In this chapter, the focus shifts to methods that impose contiguity as a hard constraint in a clustering procedure. Such methods are known under a number of different terms, including zonation, districting, regionalization, spatially constrained clustering, the p-region problem and the p-compact regions problem. They are concerned with dividing an original set of n spatial units into p internally connected regions that maximize within similarity (for recent reviews, see, e.g., Murray and Grubesic 2002; Duque, Ramos, and Suriñach 2007; Duque, Church, and Middleton 2011; Li, Church, and Goodchild 2014).⁴⁵

In the previous chapter, approaches were considered that impose a soft spatial constraint, in the form of a trade-off between attribute similarity and spatial similarity. In the methods considered in the current and next chapter, the contiguity is a strict constraint, in that clusters can only consist of entities that are geographically connected. As a result, in some cases the resulting attribute similarity can be of poor quality, when dissimilar units are grouped together primarily due to the contiguity constraint.

Three sets of methods are considered, all based on the principle of hierarchical clustering.

The first approach employs agglomerative hierarchical clustering, to which a spatial contiguity constraint is introduced. Early descriptions of the idea of spatially constrained hierarchical clustering can be found in Murtagh (1985) and Gordon (1996), among others.
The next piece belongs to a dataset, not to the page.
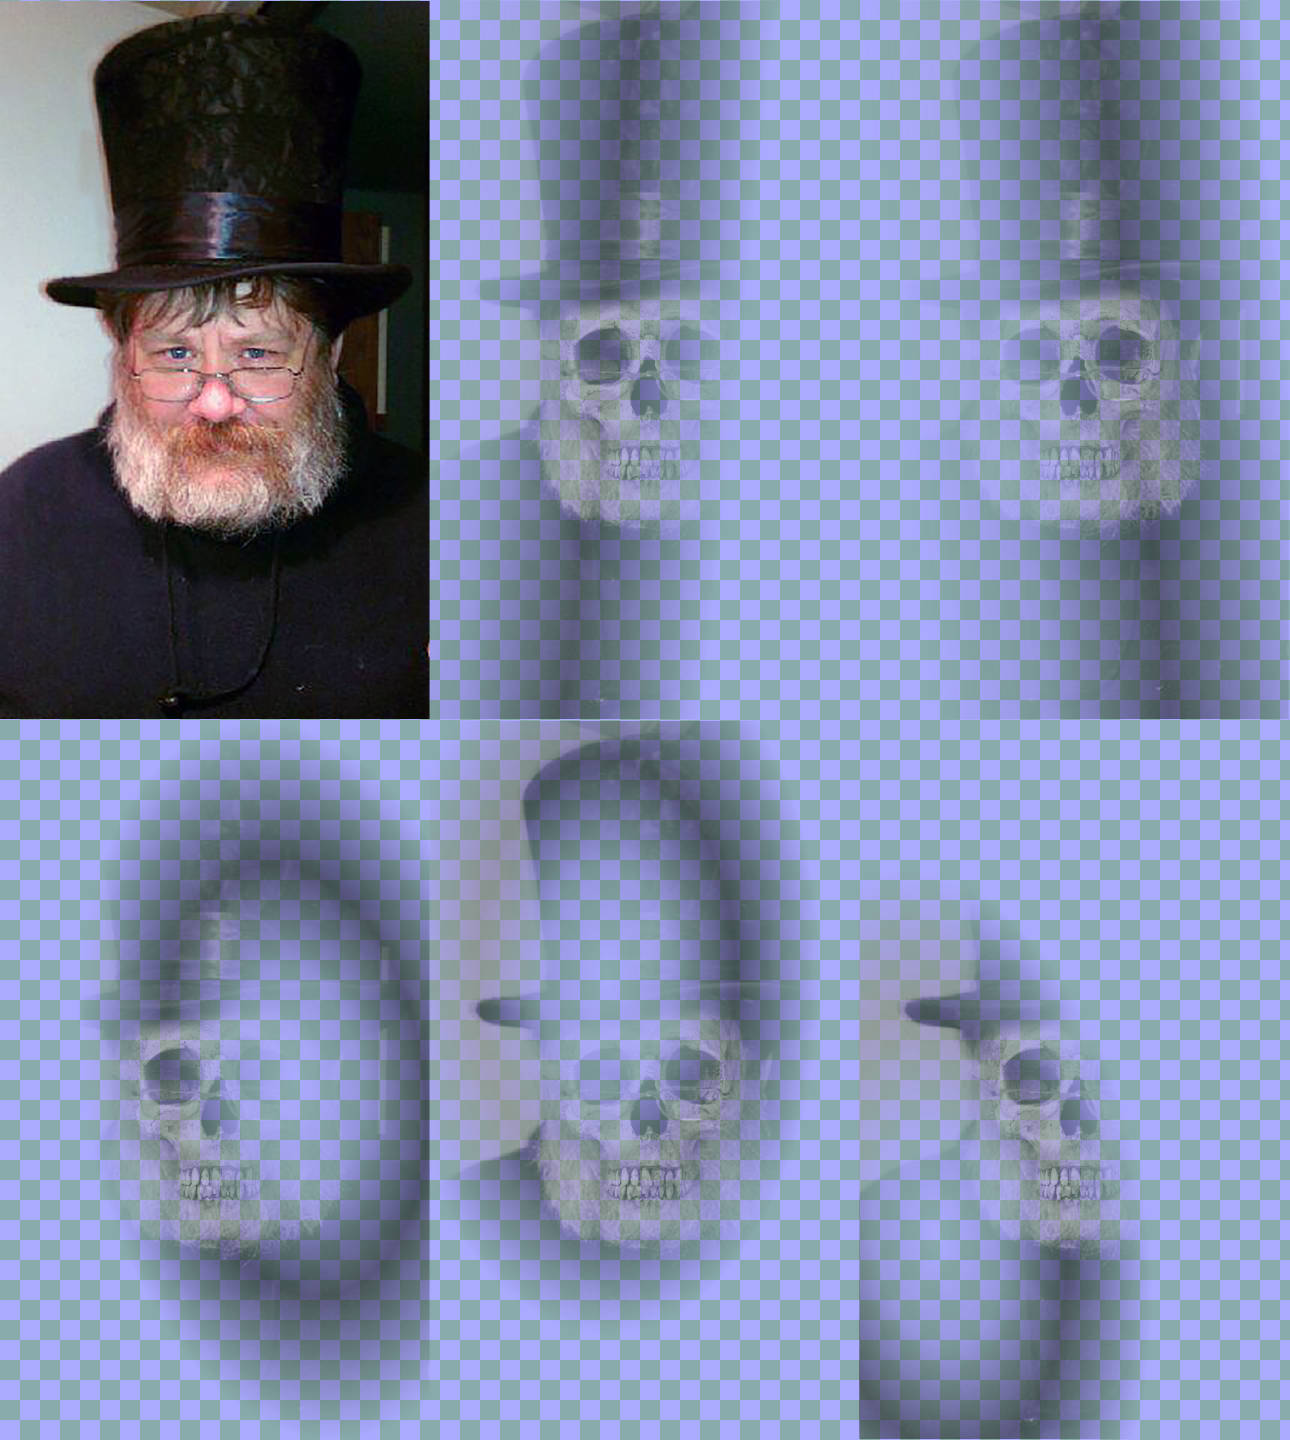 The base photograph of Kurt in a top hat, and then five different versions of the black-and-white skeleton image.  Each of the skeleton images is mostly transparent (with the checked background showing through).  The visible parts of each are in a different stripe or a ring shape, with faded gradient edges.

Next, an algorithm is considered that takes a divisive hierarchical approach. The SKATER algorithm (Assunção et al. 2006; Teixeira, Assunção, and Loschi 2015; Aydin et al. 2018), or, Spatial `K’luster Analysis by Tree Edge Removal, obtains regionalization through a graph partitioning approach. Finally, a collection of methods that combine aspects of both agglomerative and divisive clustering is outlined, referred to as REDCAP (Guo 2008; Guo and Wang 2011). The acronym stands for REgionalization with Dynamically Constrained Agglomerative clustering and Partitioning, and refers to a family of six (later extended to eight) hierarchical regionalization methods.

As before, the methods considered here share many of the same options with previously discussed techniques covered in earlier chapters. Common options will not be considered, but the focus will be on aspects that are specific to the spatially constrained methods.

The Ceará Zika sample data set is again used to illustrate the methods, with the same variables as in the previous chapter.

The terminology is again a bit confusing, since in this literature \(p\) is often used for the number of clusters, instead of \(k\), standard for classic clustering techniques. In this chapter, both are employed. The context will make clear how many clusters are considered.↩︎